Google Launches LLM-Evalkit to Bring Order and Metrics to Prompt Engineering
Google has introduced LLM-Evalkit, an open-source framework built on Vertex AI SDKs designed to bring structure and measurability to prompt engineering for large language models. This lightweight tool aims to replace fragmented documents and guesswork-driven iterations with a unified, data-driven workflow.
As Michael Santoro points out, anyone who has worked with LLMs understands the frustration—teams experimenting in one console, saving prompts elsewhere, and facing inconsistent measurements. LLM-Evalkit consolidates these efforts into a single, cohesive environment where prompts can be created, tested, versioned, and compared side by side. By maintaining a shared record of changes, teams can now track which modifications improve performance, moving beyond memory or spreadsheets.
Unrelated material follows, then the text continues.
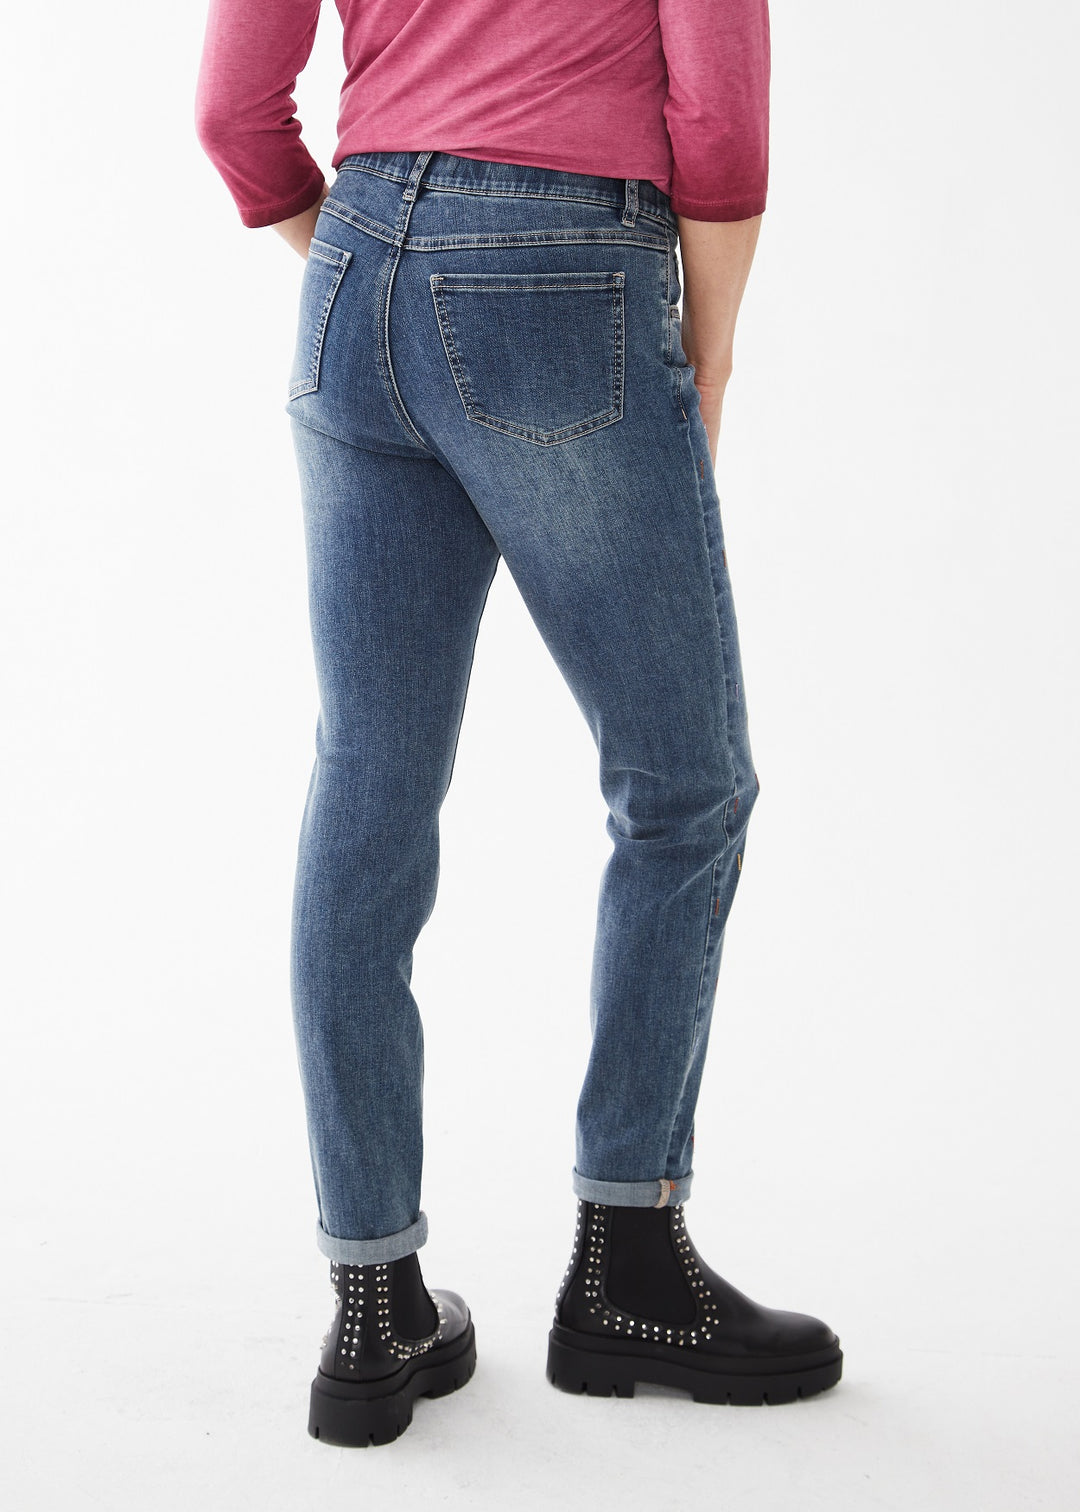 Multicolour Embroidered Pull On Jean

The toolkit operates on a simple principle: stop guessing, start measuring. Instead of asking which prompt “feels” better, users define a specific task, assemble a representative dataset, and evaluate outputs using objective metrics. This framework ensures every improvement is quantifiable, transforming intuition into evidence.
The approach integrates seamlessly with existing Google Cloud workflows. Built on Vertex AI SDKs and connected to Google’s evaluation tools, LLM-Evalkit establishes a structured feedback loop between experimentation and performance tracking. Teams can run tests, compare outputs, and maintain a single source of truth for all prompt iterations—without switching between multiple environments.
Additionally, Google designed an inclusive framework. Through its no-code interface, LLM-Evalkit makes prompt engineering accessible to a broader range of professionals—from developers and data scientists to product managers and UX writers. By lowering technical barriers, it enables faster iteration and fosters closer collaboration between technical and non-technical team members, making prompt design a truly interdisciplinary effort.
Santoro shared his enthusiasm on LinkedIn:
I'm thrilled to announce a new open-source framework I've been developing—LLM-Evalkit! It's designed to streamline the prompt engineering process for teams working with LLMs on Google Cloud.The announcement has drawn attention from industry professionals. One user commented on LinkedIn:
This looks great, Michael. We’ve struggled with the lack of a centralized system to track changes in prompts over time—especially during model upgrades. Looking forward to trying this out.LLM-Evalkit is now available as an open-source project on GitHub, integrated with Vertex AI, and comes with tutorials in the Google Cloud Console. New users can take advantage of Google’s $300 credit to explore its capabilities. With LLM-Evalkit, Google aims to transform prompt engineering from a process of improvisation into a repeatable, transparent practice—one that becomes smarter with every iteration.